Each primary mirror is shaped by the French company Sagem (located close to Paris), using computer-guided milling and polishing machines, and weighs about 40 kg. To achieve sufficient smoothness, all of the mirror blanks were coated with a thin layer of silicon carbide by chemical vapour deposition before polishing started.

This process was carried out by Schunk Kohlenstofftechnik in Heuchelheim, Germany. The polishing is a slow, painstaking process which requires each mirror to be polished to a precision of about 10 nanometres RMS. To appreciate this technical achievement one can consider that if the Gaia M1 mirror was scaled to the size of the Atlantic ocean, any bumps on the surface would be of the order of a few centimetres.

The mirrors also have an unusual curved shape, which is calculated using a very precise mathematical formula so that there will be no distortion of the incoming light across the telescopes' field of view and at all wavelengths from blue to red.

After polishing, the surface is coated with enhanced silver reflective coating. This coating involves the addition of a dielectric amplification layer, which protects the silver from tarnishing and enhances its reflectivity across the entire spectral range (320 - 1000 nanometres) to be studied by Gaia.

"The mirrors are being integrated on the structural payload module in order to complete the optical train and enable testing to begin," said Matthias Erdmann, ESA's Gaia payload system engineer. "Their shape and size were determined by the room available within the payload fairing of the Soyuz-Fregat launcher."

"The M1 mirrors have a collecting area about 11 times bigger than the primary mirror of its predecessor, ESA's Hipparcos astrometry spacecraft, enabling them to collect many more photons," said Jos de Bruijne, Deputy Project Scientist for Gaia.

"The combination of size, smoothness and special shape is required to provide a wide angle of view - about 0.7 degrees - and a small wave front error that will give extremely sharp images of a billion stars in our Galaxy."

Gaia will view two widely separated areas of the sky, using two identical telescopes.
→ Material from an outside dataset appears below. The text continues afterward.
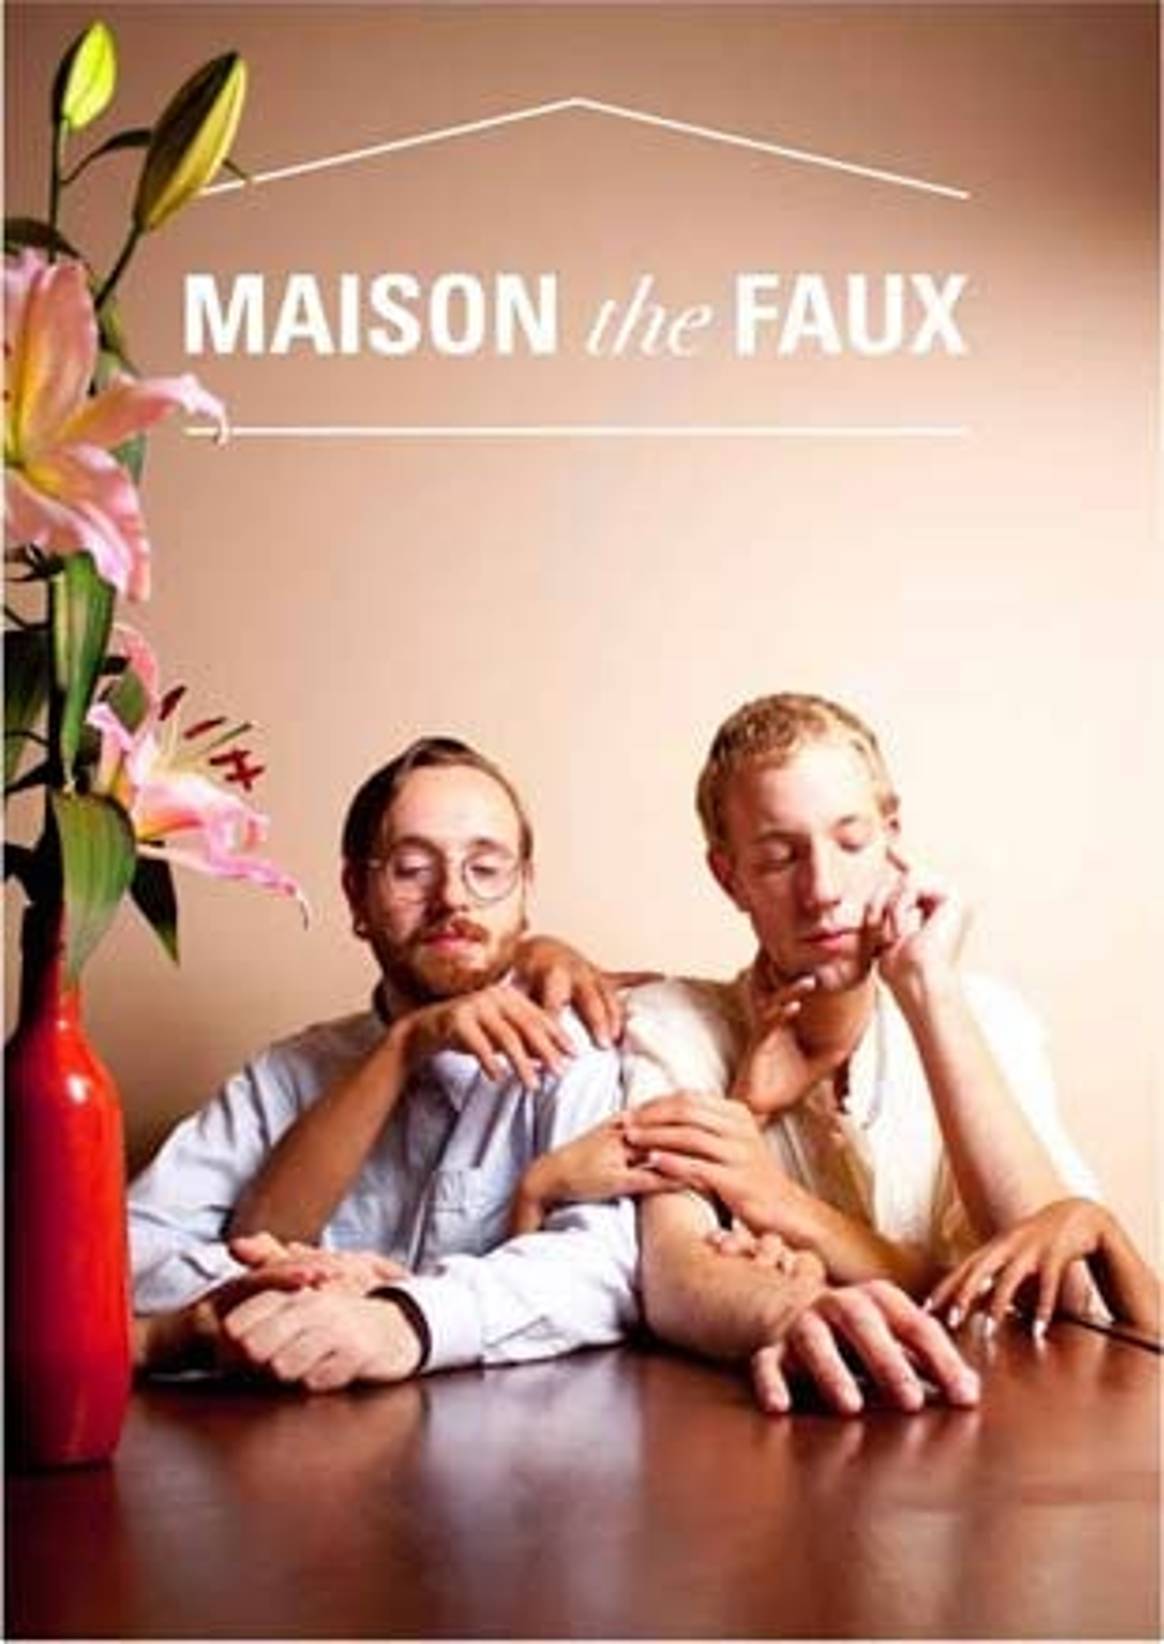 AFW: Maison the Faux vervaagt man-vrouwgrenzen
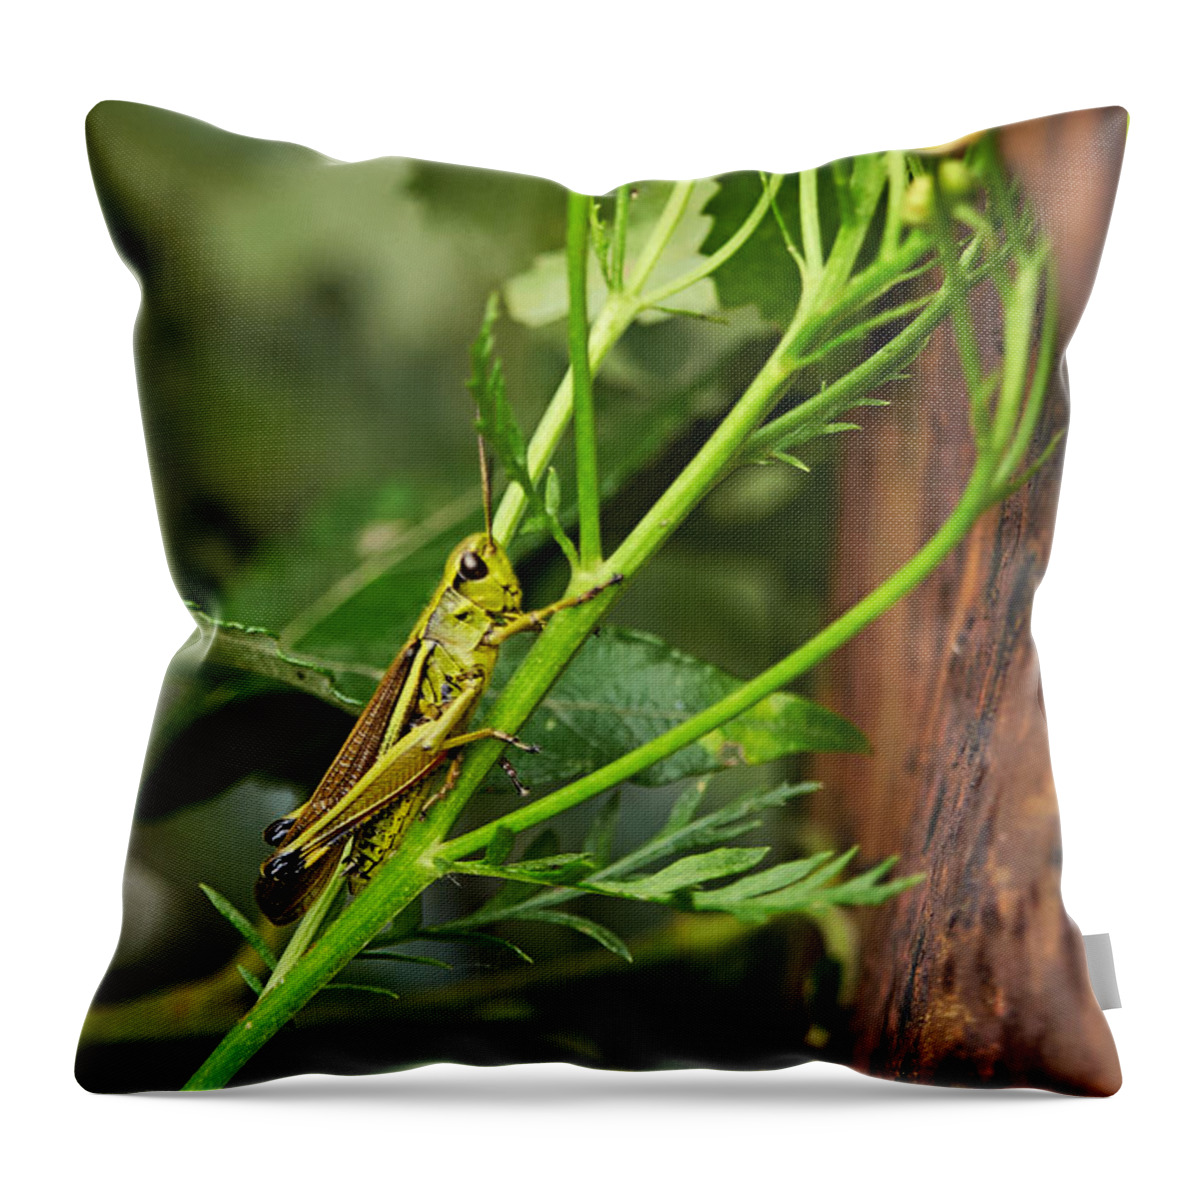 Grass Throw Pillow featuring the photograph Grasshopper by Antonio Ballesteros

Over its five-year mission, it will scan the entire sky, observing each of its target stars about 70 times.

By accurately monitoring the two-dimensional star positions on the sky, it will be possible to infer their lateral motions across the sky and to calculate their precise three-dimensional locations, even for objects as far away as the galactic centre. Gaia will also measure the spectra of the brightest 15% of those stars, mainly in order to determine their radial velocities. Launch of Gaia on a Soyuz-Fregat is currently scheduled for November 2012.